- Founder: Hilal Hilal
- Leaders: Jihad Barakat (Commander in Homs); Ra’ed al-Ghadban (Commander in Deir ez-Zor); Mohammed Khaddour (Commander in Al-Hasakah); Col. Salama Mohammed † (Commander in Tartus); Bassem Sudan (Commander in Latakia); Isam Nabhan Subai (Commander in Hama);
- Dates active: Summer 2012 – September 2018
- Headquarters: Aleppo
- Active regions: Syria Aleppo Governorate; Homs Governorate; Damascus Governorate; Latakia Governorate; Tartus Governorate; As-Suwayda Governorate; Hasakah Governorate; Deir ez-Zor Governorate;
- Ideology: Neo-Ba'athism Assadism
- Political position: Far-left^{[citation needed]}
- Size: 7,000 claimed (December 2013)
- Part of: Syrian Ba'ath Party
- Wars: the Syrian Civil War

= Ba'ath Brigades =

Volunteer militia made up of Syrian Ba'ath Party members

The Ba'ath Brigades (كتائب البعث), also known as the Ba'ath Battalions, were a volunteer militia made up of Syrian Ba'ath Party members, almost entirely of Sunni Muslims from Syria and many Arab countries, loyal to the Syrian Government of Bashar al-Assad.

== History ==
They were set up in Aleppo under the command of Hilal Hilal, the former Assistant Regional Secretary, after rebels took most of the eastern half of the city in the summer of 2012. Initially, the Ba'ath Brigades were used to guard government buildings and other key installations in Aleppo, but their role expanded as their strength grew from 5,000 members in November 2012 to 7,000 in December 2013. Units later formed in Latakia and Tartus.
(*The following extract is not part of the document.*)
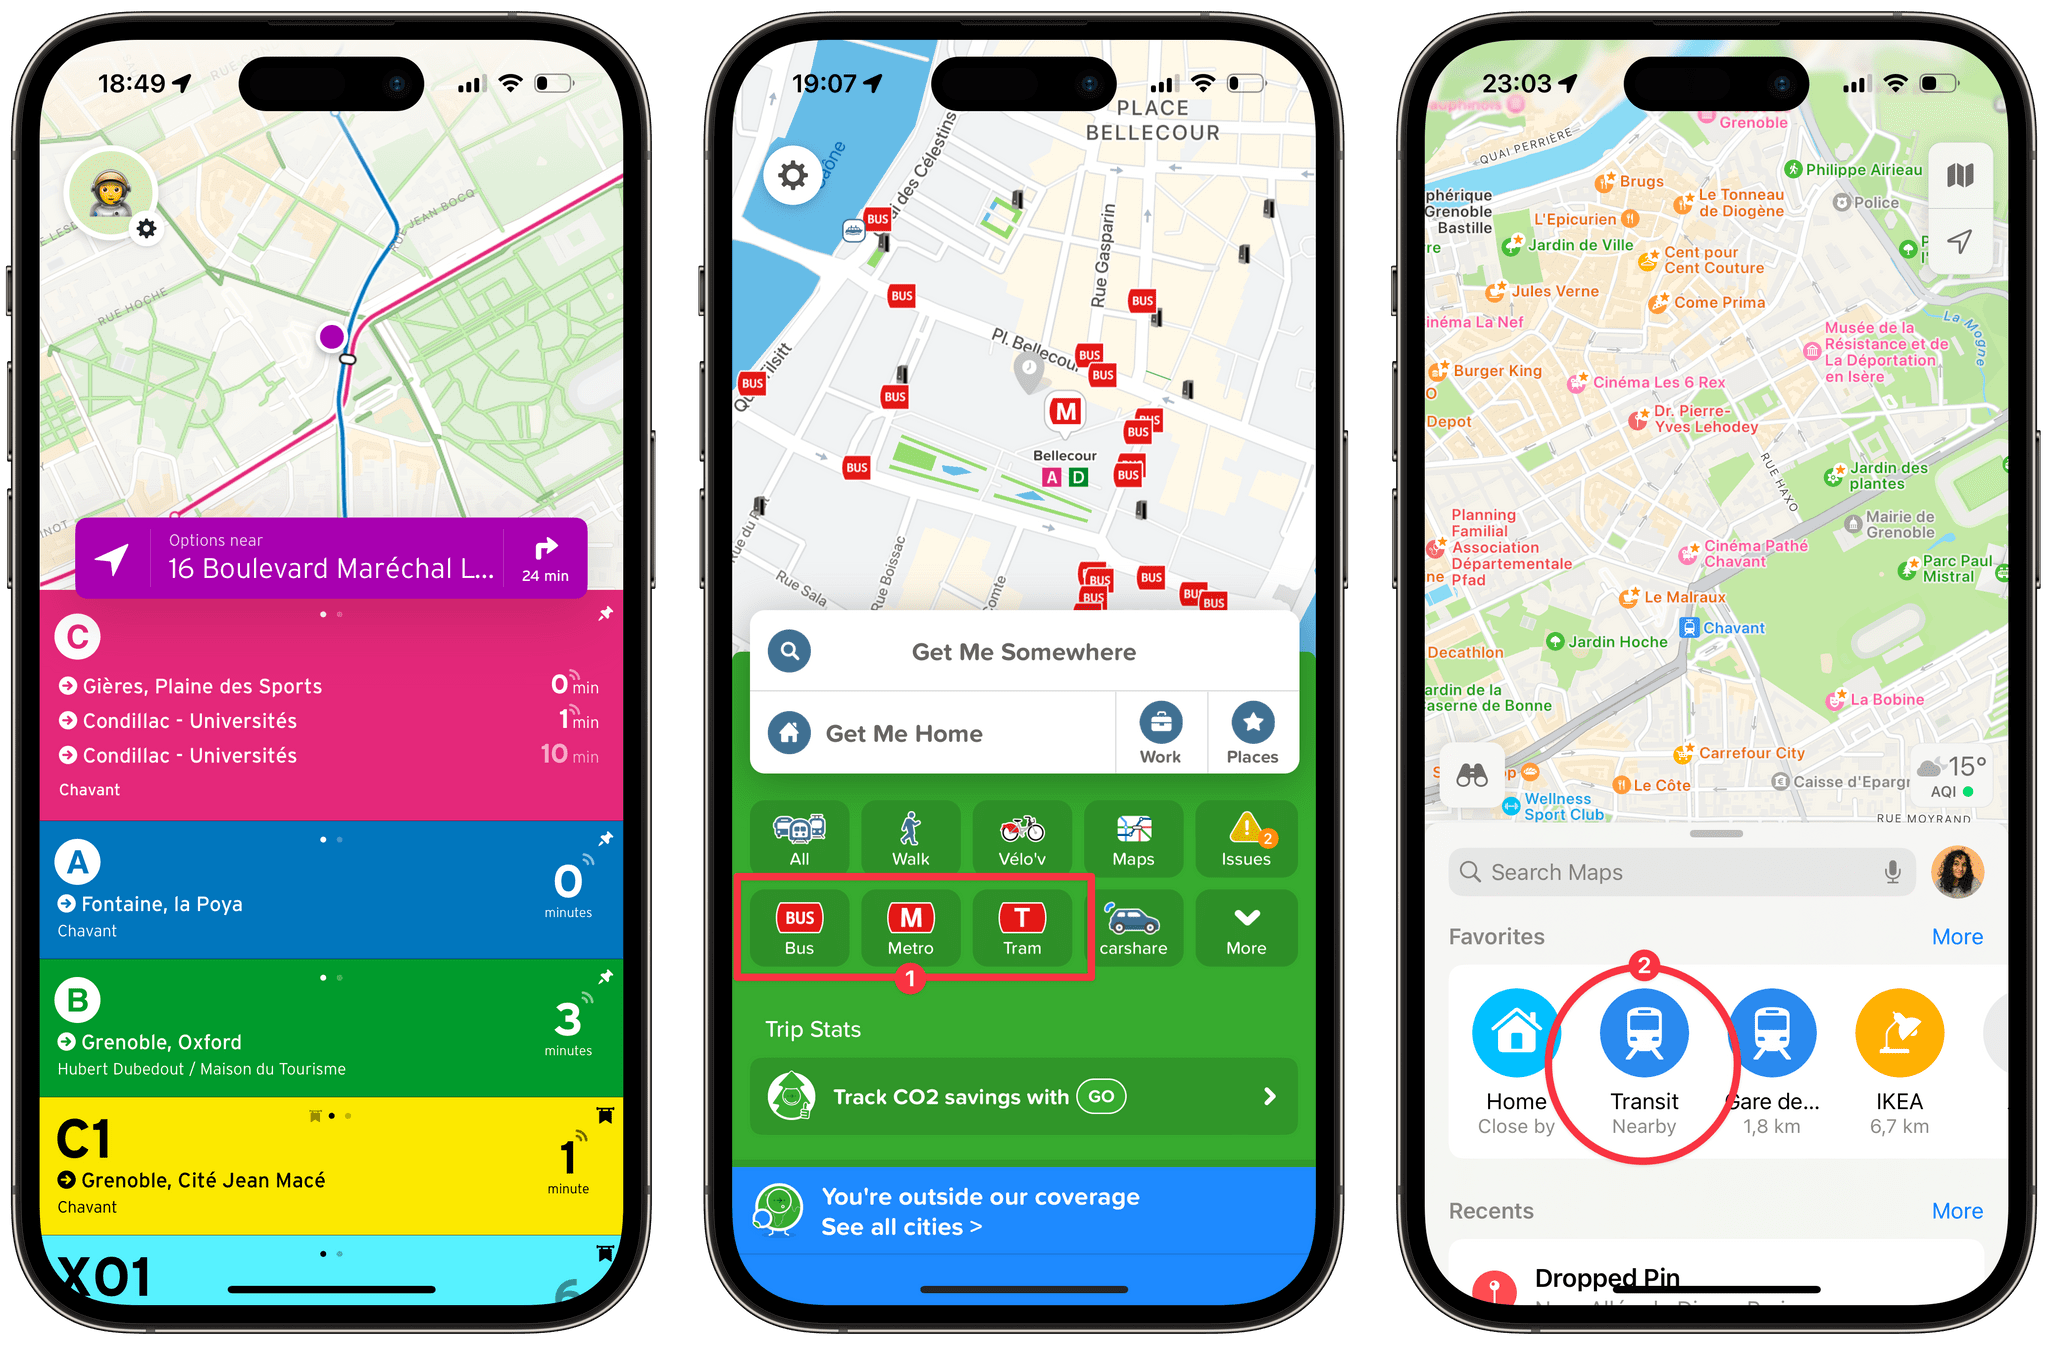 When you open Transit, you immediately get a view of nearby lines with their real-time waiting times. In Citymapper, this information is only available after you select one of the main 'Bus,' 'Metro,' or Tram' buttons (1). In Apple Maps, it's hidden behind a 'Transit Nearby' button (2).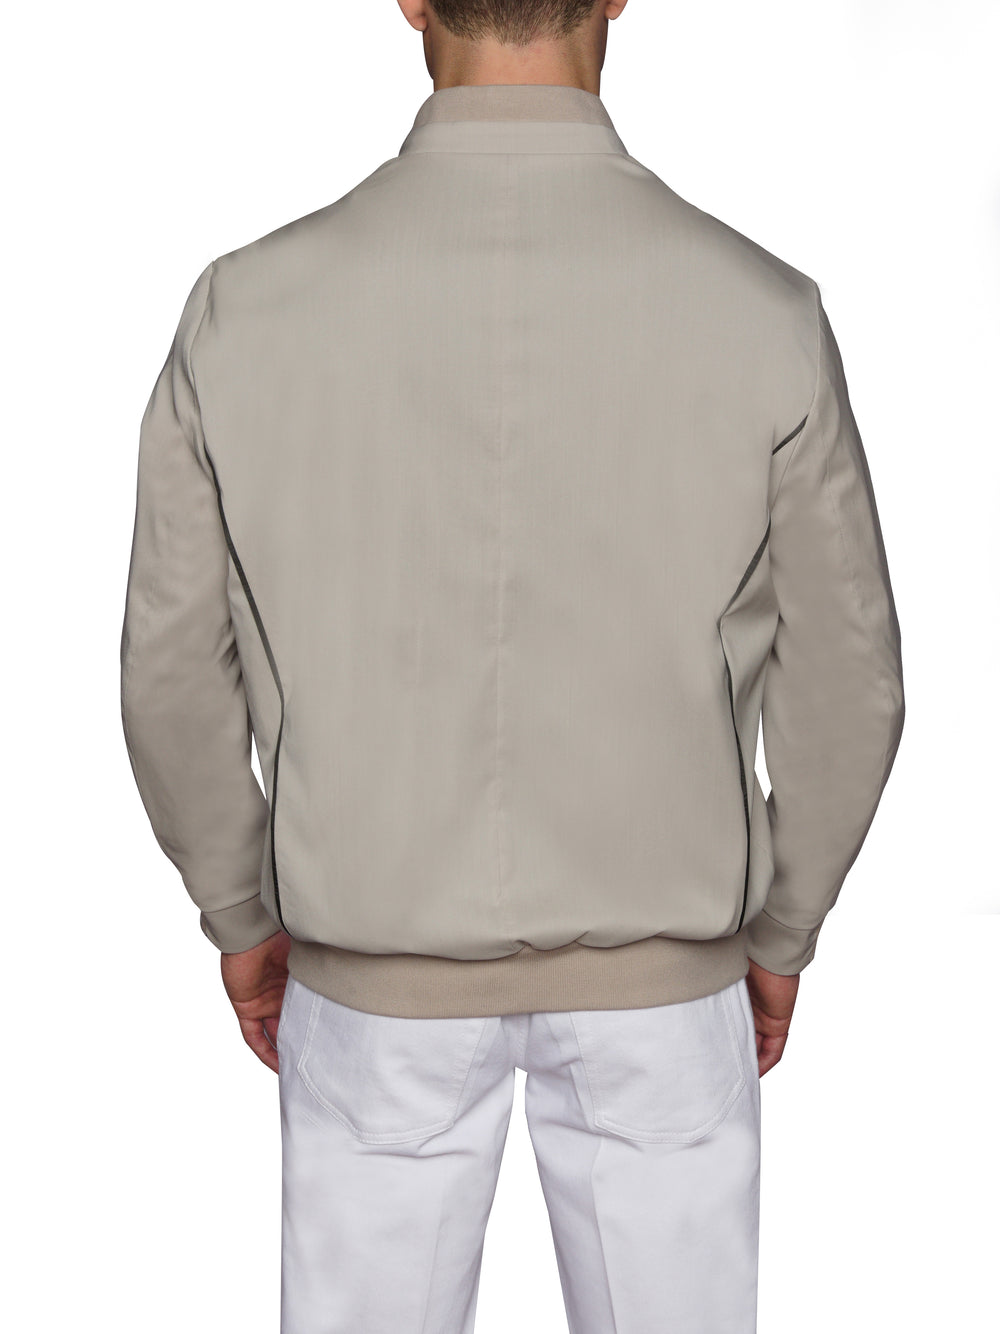 Sirocco Wool and Silk Bomber Jacket

At the end of 2013, the Brigades began deploying in Damascus, tasked with manning checkpoints and conducting "light logistical operations". They spearheaded the assault on the Old City of Aleppo in early 2014.

The Ba'ath Battalions participated in lifting the three-year siege at Kuweires military airbase alongside the elite Cheetah Forces, and National Defence Forces.

The Ba'ath Brigades were previously led by Ra'ed bin 'Ali Ghadban—a high-ranking member of the Ba'ath Party's Deir ez-Zor branch. He resigned as the brigades' commander in 2017 to become a member of the central committee of the party, as well as a member of the Syrian government's delegation to the Sochi peace talks in the context of the Syrian peace process.

On 27 February 2017, Col. Salama Mohammed, a high-ranking Ba'ath Brigades commander and leader of the group's Tartus Governorate branch, was reportedly killed in action while fighting in the area around Hama. Some claimed, however, that Mohammed had instead died of a heart attack.

The Ba'ath Legion of the Syrian Army's 5th Corps was formed from Ba'ath Brigades volunteers.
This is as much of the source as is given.